The cyclical plot
The novella begins with its end. From the start, it is revealed that Amanda is on her deathbed and that she will soon perish. David is at her side, eerily whispering in her ear and holding a conversation about how everything started and how she got to this point. The ease, with which Amanda talks with David, is ironic considering the threatening revelation about him as the plot progresses, and implies that she has already in a realm that is not of a real world.
“He was mine. Not anymore”
The novella poses an examination between David as a child and him as a symbolic threatening force. He is introduced as a young boy who suddenly gets infected by touching the water near his home, and in an effort to save him, his mother takes him to the strange woman in a green house that performs a separation of the soul from the body and replacement with another.
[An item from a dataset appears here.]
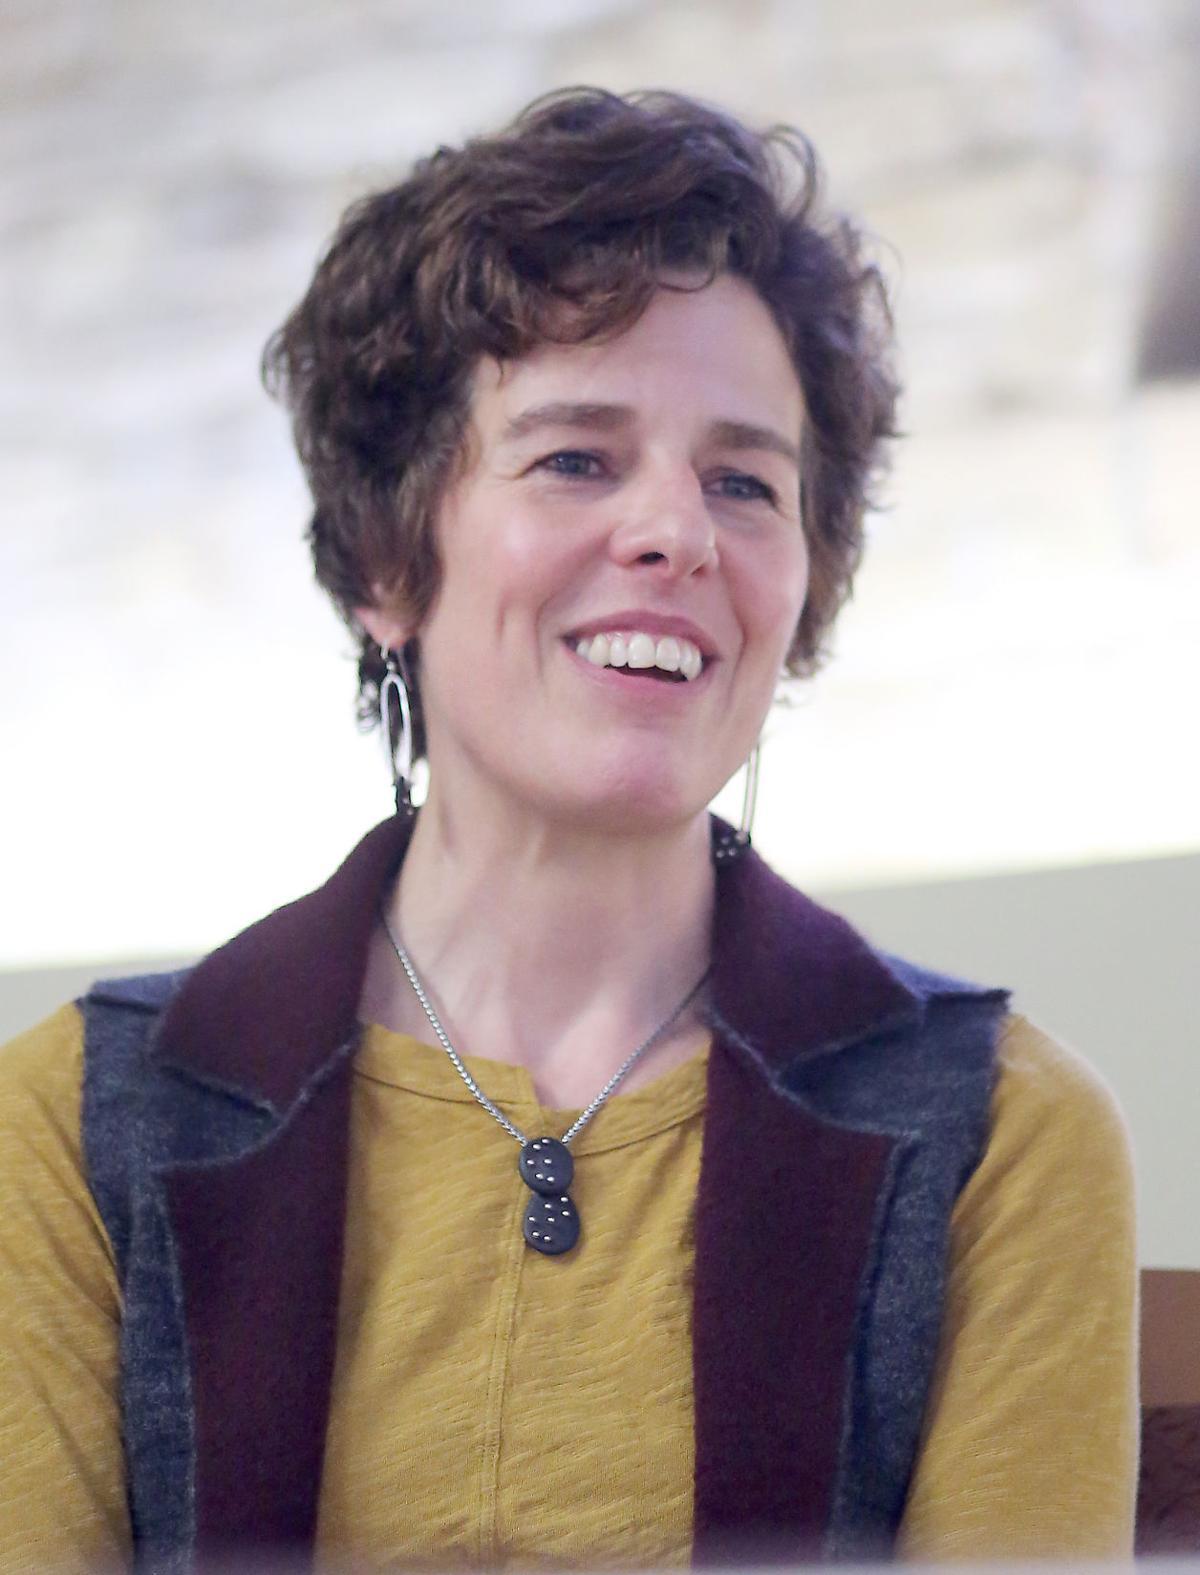 UW professor Kathy Cramer

Ironically, the moment Carla decided to take that step to save him is when she lost him, and David as a symbolic force of decay is born.
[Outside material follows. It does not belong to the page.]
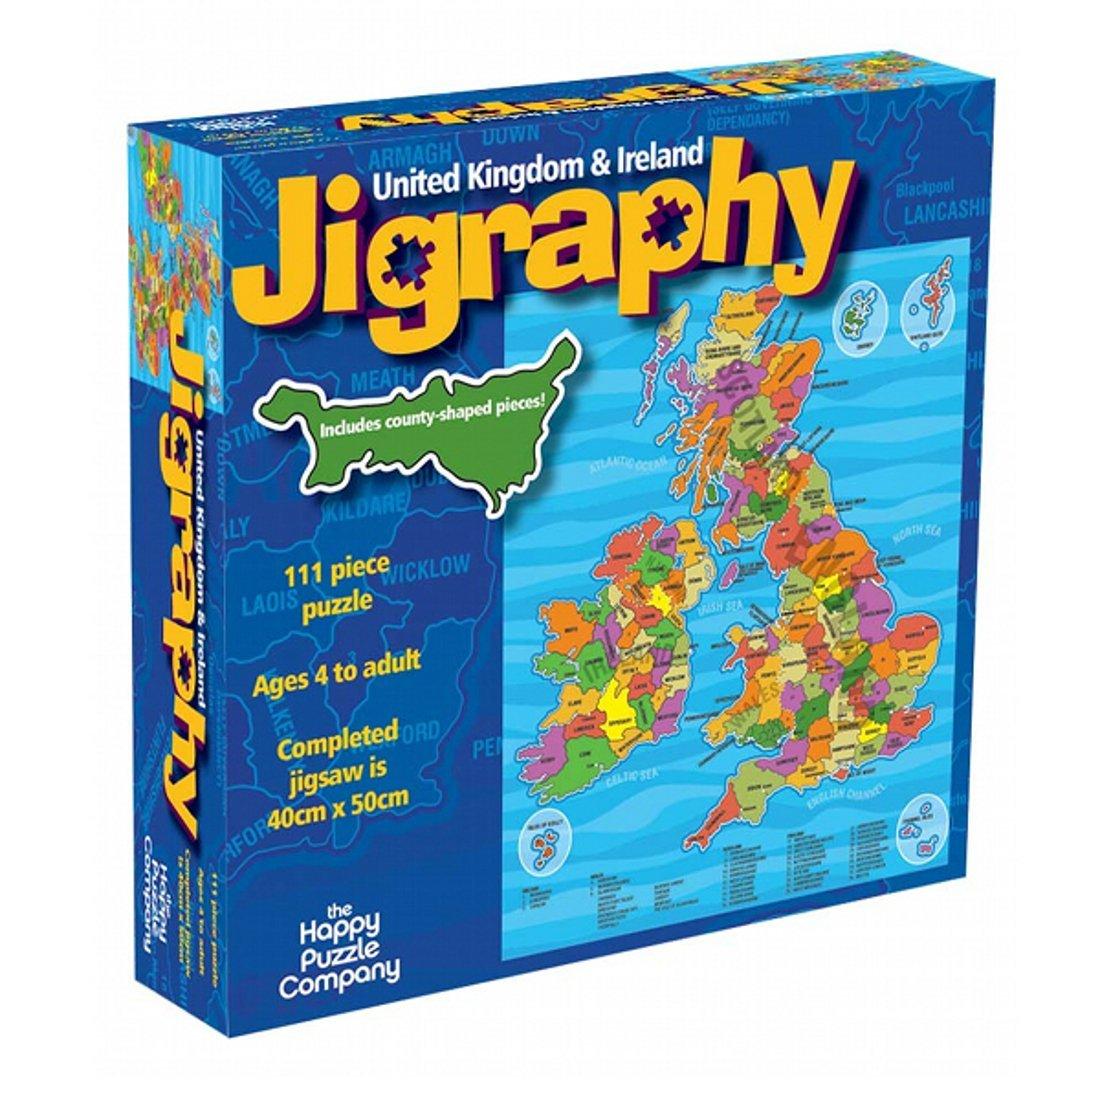 Jigraphy united kingdom ireland amazing uk map jigsaw puzzle jigraphy united kingdom ireland amazing uk map jigsaw puzzle by the happy puzzle company 100 pieces amazon toys games gumiabroncs Images

The irony of relativity of loss
Telling her story to Amanda, Carla reveals to her how her perspective on loss changed as the things unfolded. Unaware of the events ahead, she was afraid to lose the prized horse which would mean losing her house, but events that resulted from that fear of loss only brought forward a greater one, which made the initially feared loss insignificant, which is the ultimate irony of Carla’s loss.
The irony of the end
The important truth that the ending reveals is that the decay and death is omnipresent in David’s previous home. It also reveals to Amanda where Nina’s soul ended up after the soul swap was performed. As Nina’s father is about to leave the house, he notices David sitting cross-legged in his car-a position that is recognizably Nina’s.